The unique ITS2 sequences of the Raphidonema group in the mid-latitudes and the ice core from this study, together with the previous ITS2 sequences of snow algae in Antarctica and the Arctic [6] and those from the NCBI nt database (BLASTn searches were performed to identify the closest sequences in the NCBI nt database, i.e., those with >98.0% similarity) were aligned using the program MAFFT v7.429 [33]. These alignments were carefully checked by eye, and all ambiguous sites and sequences were manually deleted. Sequence clustering was then conducted with ≥98% nt sequence identity using the furthest neighbor algorithm in Mothur 1.44.1 [36]. The maximum-likelihood (ML) tree was inferred using IQ-tree ver. 1.6.12 [46] with the K3P + G4 model, and 1000 replications were carried out for standard bootstrap analysis.

For analyzing the evolutionary approaches of the Raphidonema group, the OTUs that were defined with ≥98% nt sequence identity among sequences were subdivided into five subgroups (Groups A–E) based on a phylogenetic analysis. Using the unique sequences of each subgroup, we performed the following molecular evolutionary analyses. Phylotype networks of unique sequences were then constructed within the Raphidonema group with the median-joining (MJ) method [47] using NETWORK 4.6.11 (http://www.fluxus-engineering.com/sharenet.htm). Because the number of unique sequences was too large for computational and visual network analysis, 200 unique sequences were used for network analysis, including the top 100 unique sequences with the largest number of reads plus 100 randomly picked unique sequences from the 101st and later unique sequences. We additionally generated multiple sets of random 101st–200th sequences by random selection and confirmed that all results were consistent.

Pairwise differences among the four regions (Antarctica, Arctic, mid-latitudes, and the ice core), and ice cores between the newer (1800–2001 AD) and the older (6000–8000 years before present) layers with respect to unique sequence cluster compositions were statistically analyzed with permutational multivariate analysis of variance (PERMANOVA) with R (version 3.6.1) and the VEGAN package.

Inference of demography based on the coalescent model

Let us consider a simple model of demography: a population expanded t0 generations ago, and the sizes before and after the expansion were N0 and N1, respectively. The time s > 0 in terms of generations is measured backward from the present.
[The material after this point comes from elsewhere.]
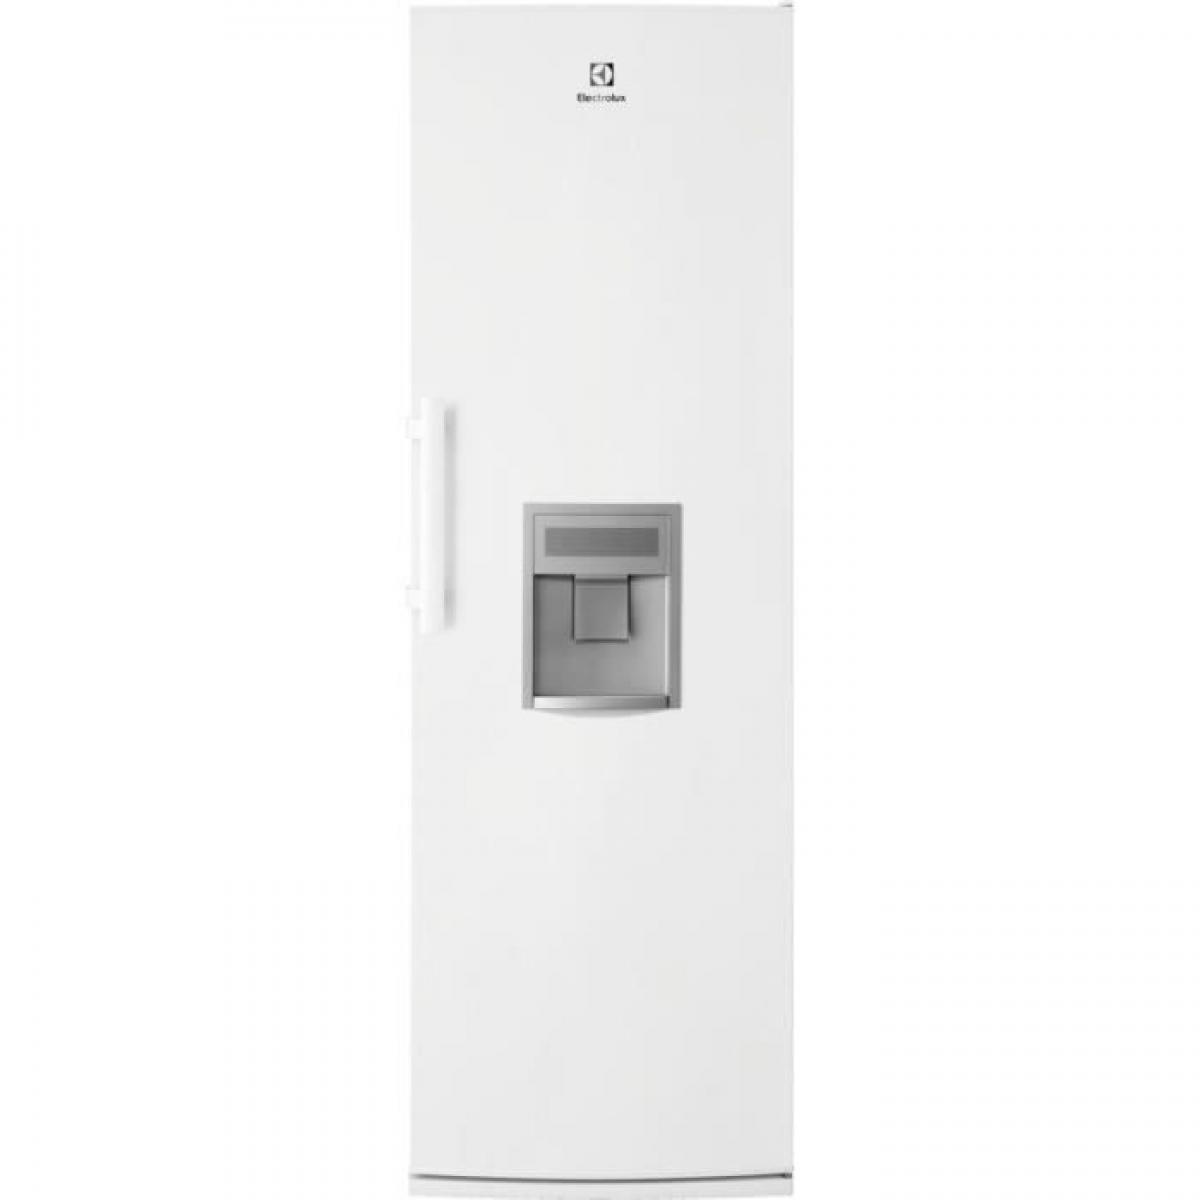 Electrolux Réfrigérateur combiné 387L Froid Brassé ELECTROLUX 60cm A+, ELE7332543732746

The population size is N0 for s ≥ t0 and N1 for s < t0. Rogers and Harpending [48] derived a partial differential equation that is satisfied by an approximation of the probability that the number of mismatched sites between two randomly chosen sequences is k in generation s for sufficiently large k. However, their approximation is not justified for small k. Moreover, their estimation fits the solution curve to the histogram, for which statistical assessment of the estimation is difficult.

Let K be the number of mismatched sites between two randomly chosen sequences. The probability density of the coalescence time for two sequences is: $$f\left( s \right) = e^{ - t_0/(2N_1)}{\textstyle{1 \over {2N_0}}}e^{ - (s - t_0)/(2N_0)}$$ for s ≥ t0 and $${\textstyle{1 \over {2N_1}}}e^{ - s/(2N_1)}$$ for s < t0. Given s, we assume that the number of mutations along the lineages to the most recent common ancestor of the two sequences follows a Poisson distribution of intensity 2us, where u is the mutation rate of the sequence per generation. Then, the probability mass function of K is given as

$$P\left( {K = k} \right) = \mathop {\int}\limits_0^\infty {f\left( s \right)\frac{{e^{ - 2us}}}{{k!}}\left( {2us} \right)^kds} \\ = \left( {\frac{{\theta _1}}{{1 + \theta _1}}} \right)^k\frac{1}{{1 + \theta _1}}\frac{1}{{k!}}\gamma \left( {k + 1,\tau \left( {1 + \frac{1}{{\theta _1}}} \right)} \right) \\ +\! \left( {\frac{{\theta _0}}{{1 + \theta _0}}} \right)^k\frac{1}{{1 + \theta _0}}\frac{1}{{k!}} {\Gamma}\left( {k + 1,\tau \left( {1 + \frac{1}{{\theta _0}}} \right)} \right)e^{ - \tau \left( {\frac{1}{{\theta _1}} - \frac{1}{{\theta _0}}} \right)},\\$$

where γ and Γ are incomplete gamma functions defined as Γ $$\left( {c,x} \right) = {\int}_0^x {e^{ - z}z^{c - 1}dz = 1 - \gamma \left( {c,x} \right)}$$, $$\tau = 2ut_0$$, $$\theta _0 = 2N_0u$$, and $$\theta _1 = 2N_1u$$. The expectation $$E\left( K \right) = {\int}_0^\infty {f\left( s \right)2usds}$$ = $$\theta _1 + (\theta _0 - \theta _1)e^{ - \tau /\theta _1}$$ reproduces Tajima’s result [49].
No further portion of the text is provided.